Thursday, November 11, 2010

Spelling Love

Hey girls! This is something I wrote for the Pansy Press a ways back! I just wanted to share it with y’all so maybe you can understand a bit of how you’ve all touched my life and shown me Christ’s love! I miss you all and can’t wait to wear my letters with you all again very soon! Delta Love! –a silently proud Tri Delta Gamma Chi

“Love” has always been a tricky word for me. Growing up, anyone could tell you that I was a “loving person.” My mom still enjoys telling stories of our trips to the toy store, where I would pick out the stuffed animal, no matter my personal preference, that had the most still on the shelves, because I was worried it was feeling left out. However, to me, love was always just an emotion. It was often an overwhelming emotion, a desperate pulling of the heartstrings. But I failed to understand that love is actually a choice. That love is useless unless accompanied with action or manifested in some way. I did not know how to express this emotion I felt for people, nor did I attempt to learn. In my mind, it was just enough to feel love for them.

This all changed drastically on October 17, 2006. I was sitting in my social studies class as a junior at Seven Lakes High School in Katy, Texas. All the sudden, I heard the sound of a gun shot. Five seconds later, the entire school was on lock down, and my teacher was closing the blinds, desperately dialing 911. Laying against the wall for two hours in the dark, I started thinking of ways in which my love should have been expressed: I should have told my parents “thank you;” I should have hugged my brother more; I should have said “I love you” to my little sister.

Eventually, the vice principal moved us to a different room. When I went towards the window to collect my things, I saw the aftermath of whatever had happened outside. It was a terrible image. But the tragedy was yet to be revealed. As they finally released us to go home that day, the school authorities revealed to us that what had taken place was a suicide. As the remaining days of that week went on, I realized just how sad the entire situation was. No one knew his name. Few people wanted to talk about it. The sense of loss that should have hung over all of us was replaced with busyness.

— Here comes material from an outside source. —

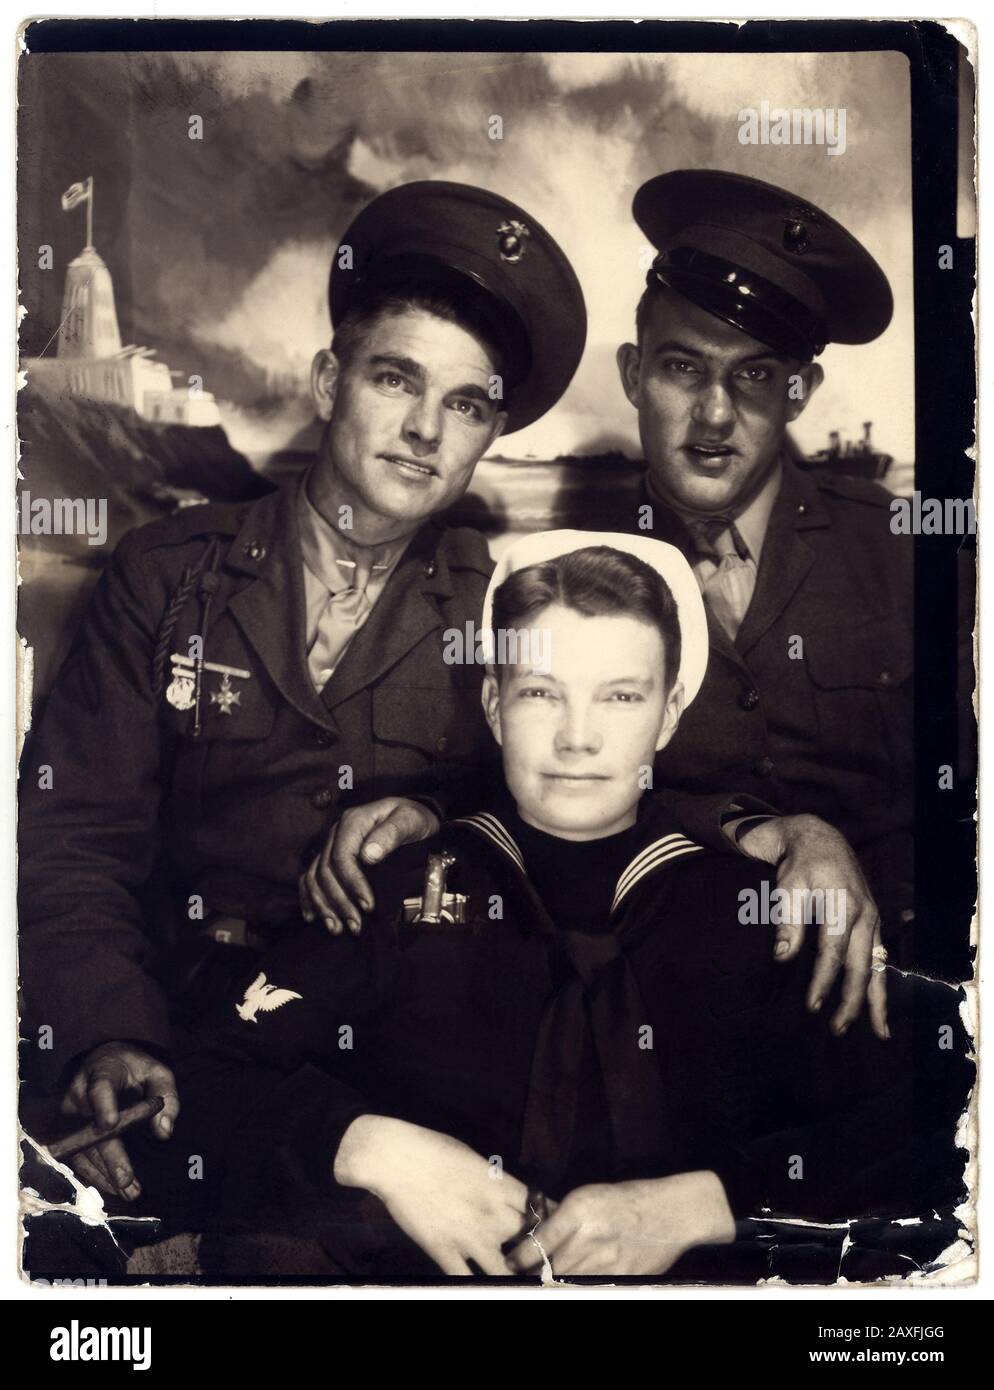 1940 ca , USA : Due militari DELL'ESERCITO americano con un marinaio ( Paul Morris ), Photoboot - UNIFORMA MILITARE - uomo uomo HANDOME - CUCCETTE - cappello - cappello - UNIFORME MILITARE - MILITARI - UNIFORME FOREX - MARINA - MARINA - MARINAIO - MARINAI - MARINAI - sigaro - sigari - UOMINI BELLI - UOMO BELLO - mani - mano - mano - mano - mani - mani - ritratto - RITRATTO - GUERRA NEL PACIFICO - cravatta - cravatta - collare - colletto - GAY - ritratto - ritatto - omosessuale - omosessuale - omosessualità - omosessualita' - sessuologia - muscleman - uomo muscoloso - BEEFCAKE - erotismo - CULTURA FISICA - FISCULTU Foto Stock

I can honestly say nothing has been the same since those words were said to me. Suddenly, I knew that feeling love was not enough. I understood that love needed to be something shared, something seen, and something more tangible. However, my fallen self still lacked an understanding of how to go about showing love to others.

Then I found my way to Baylor and somehow was blessed enough to join Delta Delta Delta. They taught me the power of simply knowing someone’s name because they knew my name. They showed me the mystical, binding power of sharing secrets with someone. They opened my eyes to the beauty in everyone, no matter how different they were, and that enabling them to take the lead in an area where they could effectively use their gifts to serve is often the best healing a broken heart can undergo.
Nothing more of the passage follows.